Le ultime prestazioni deludenti di Lukaku tra le fila dell’Inter, sono oggetto di polemica nei confronti dell’attaccante belga in questi giorni. L’ex Everton sembra essere fuori condizione e ciò può essere giustificabile in parte per via del rientro dall’infortunio, ma secondo il giornalista Fabio Ravezzani, il problema principale è un altro.
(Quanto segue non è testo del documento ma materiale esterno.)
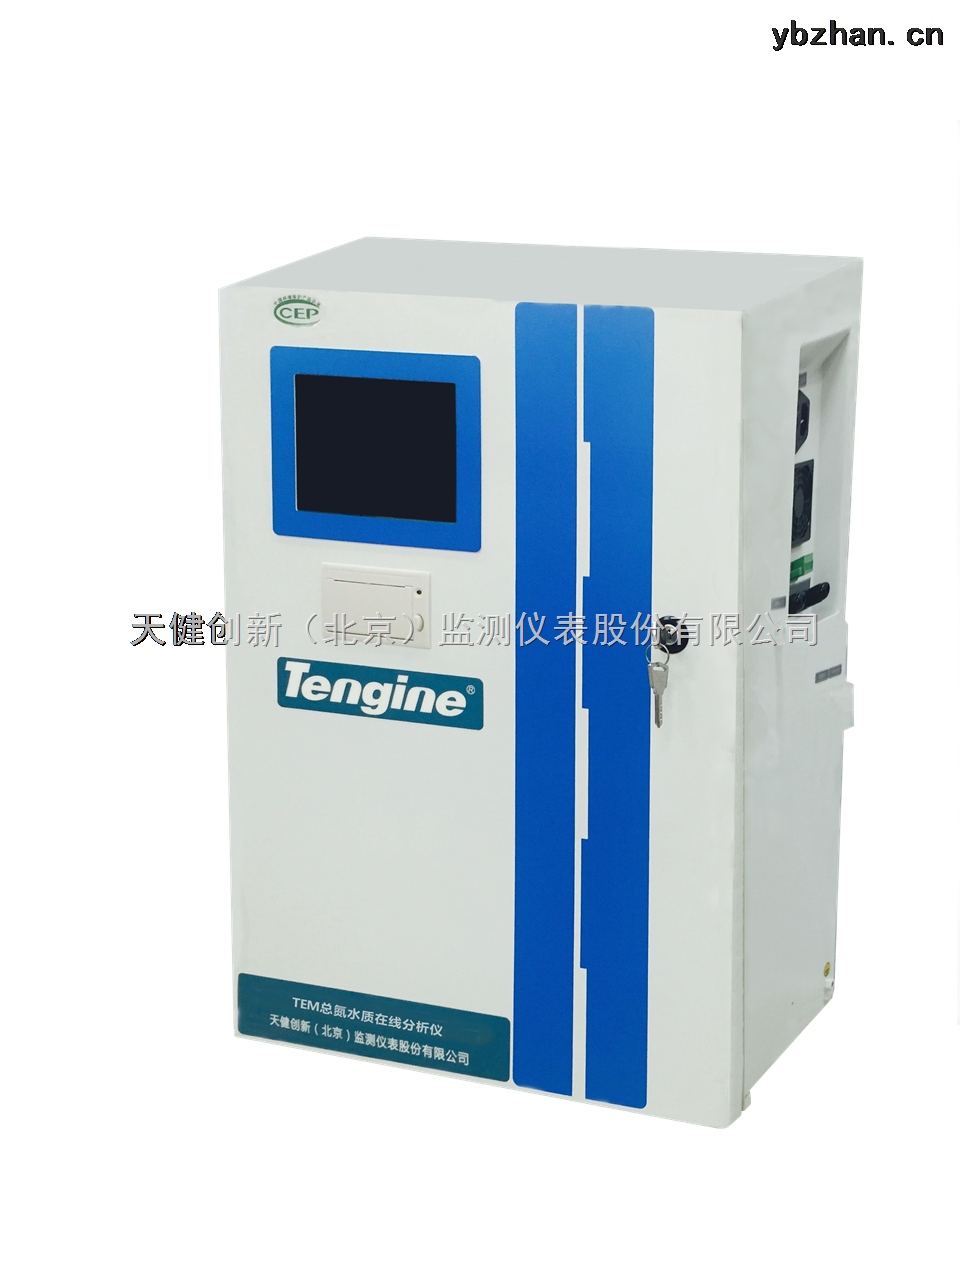 天健创新在线总氮分析仪
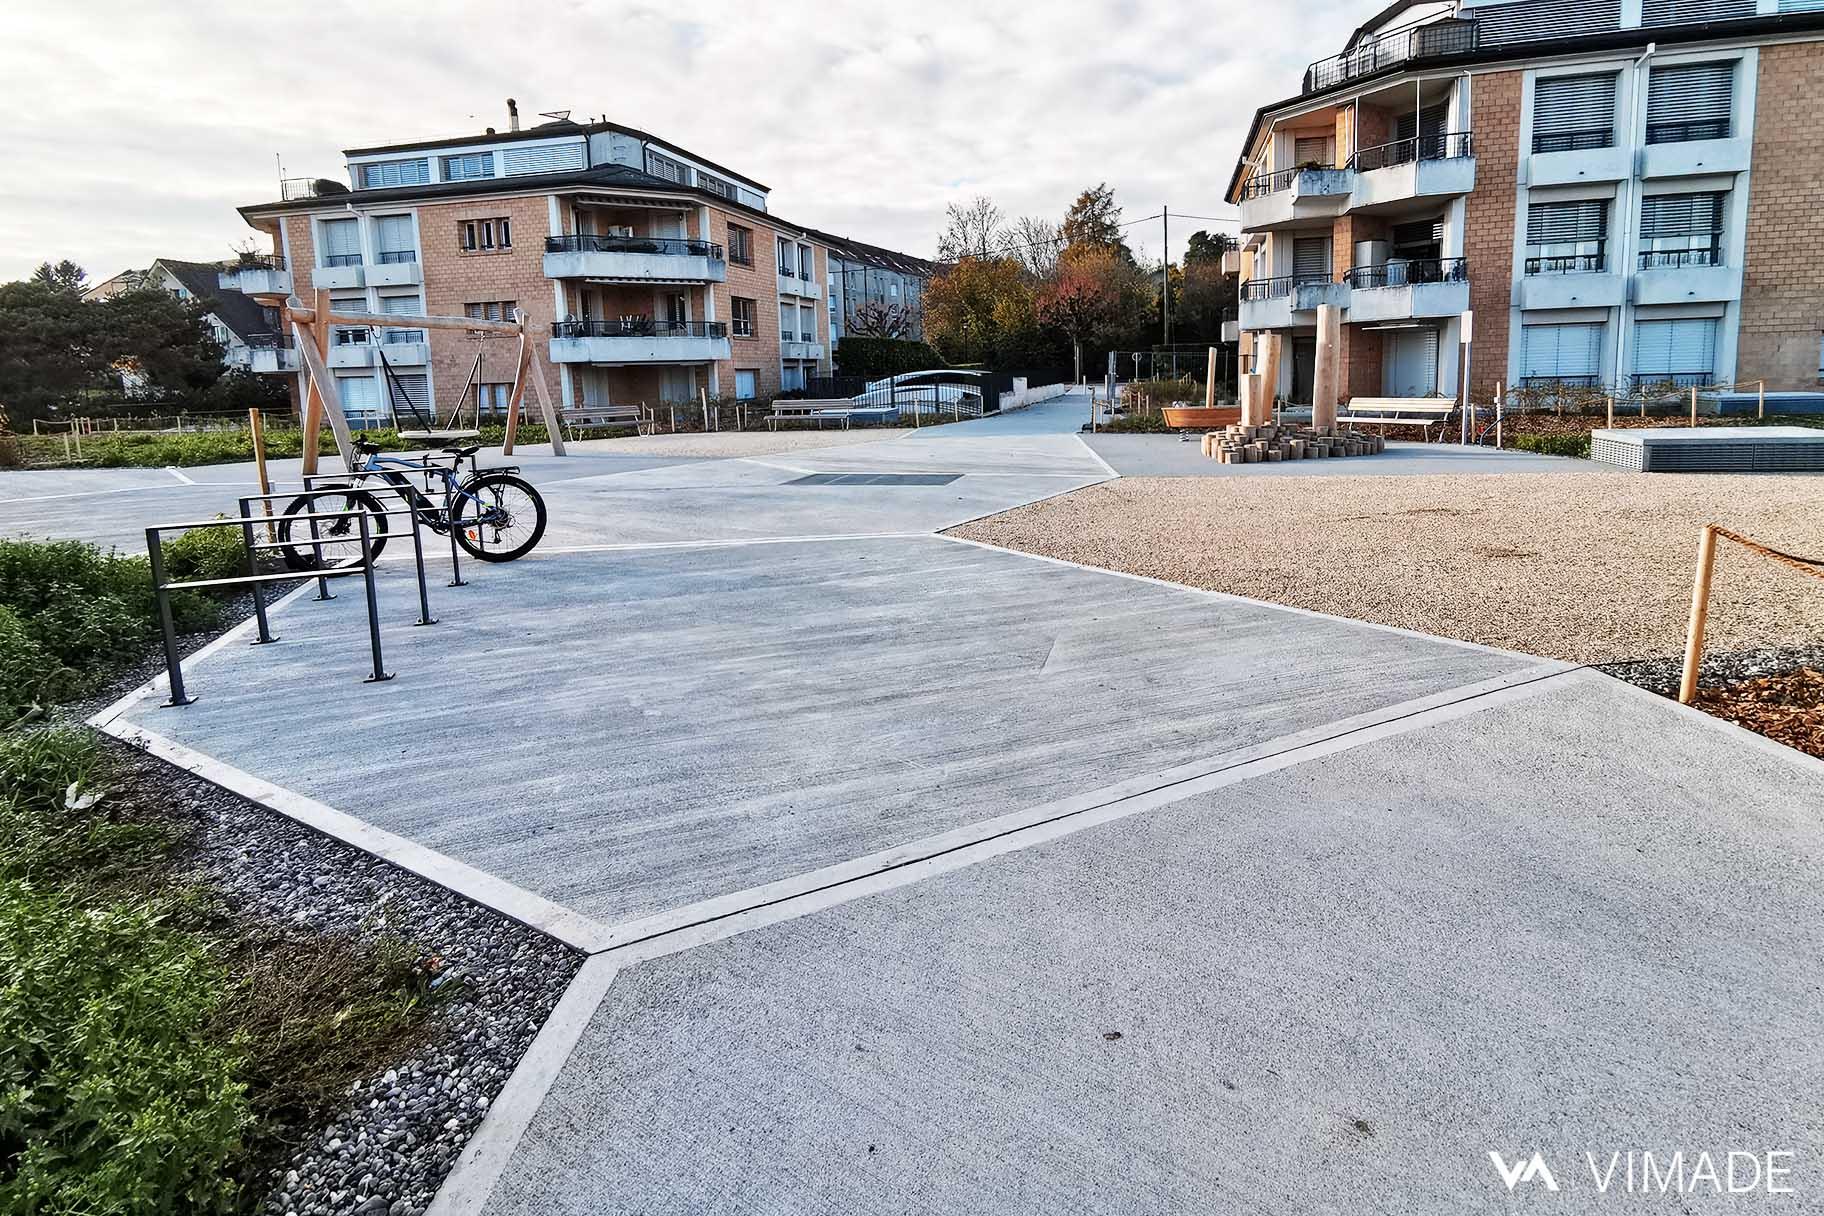 Cheminement béton balayé, ligne brisée avec stationnement vélo et plantation de vivaces, VIMADE Architectes paysagistes

Ecco le dichiarazioni del giornalista sul belga, rilasciate a Top Calcio 24 su Telelombardia e raccolte per voi da Il Pallone Gonfiato:

“Io credo che quando un calciatore con la fisicità di Lukaku, torna all’Inter a luglio e si presenta sovrappeso di 5-6 kg, dimostri che non gliene frega più molto di soffrire per arrivare ai livelli di dov’era arrivato due anni fa. Merito di Conte? Sicuramente si, ma demerito anche di Lukaku, perché tutti noi abbiamo a che fare con problemi di bilancia e sappiamo benissimo che se vogliamo perdere 3-4 kg, dobbiamo mangiare un po’ di meno. Lo facciamo per la linea, per la salute. Il modo in cui lui si è presentato bello tondetto, lasciamo già molto perplessi. Dava il segnale di un calciatore che arrivato a 29 anni, guadagnando 12 milioni di euro netti all’anno, cioè una cifra spropositata, ha cominciato di più a pensare alla buona e bella vita che a soffrire sul campo (...). L’Inter dovrebbe riflettere di continuare a pagare così tanto un giocatore arrivato intorno ai 30 anni. Non è solo un problema fisico, ma di atteggiamento e di mentalità che mi preoccupa di più. Ma lui com’è arrivato a questo? Si è fatto male perché c’è stato uno scontro? Gli hanno frantumato un ginocchio? No. Si è fatto male perché era grasso, perché voleva fare delle cose con troppi kg addosso e i muscoli hanno iniziato a cedere”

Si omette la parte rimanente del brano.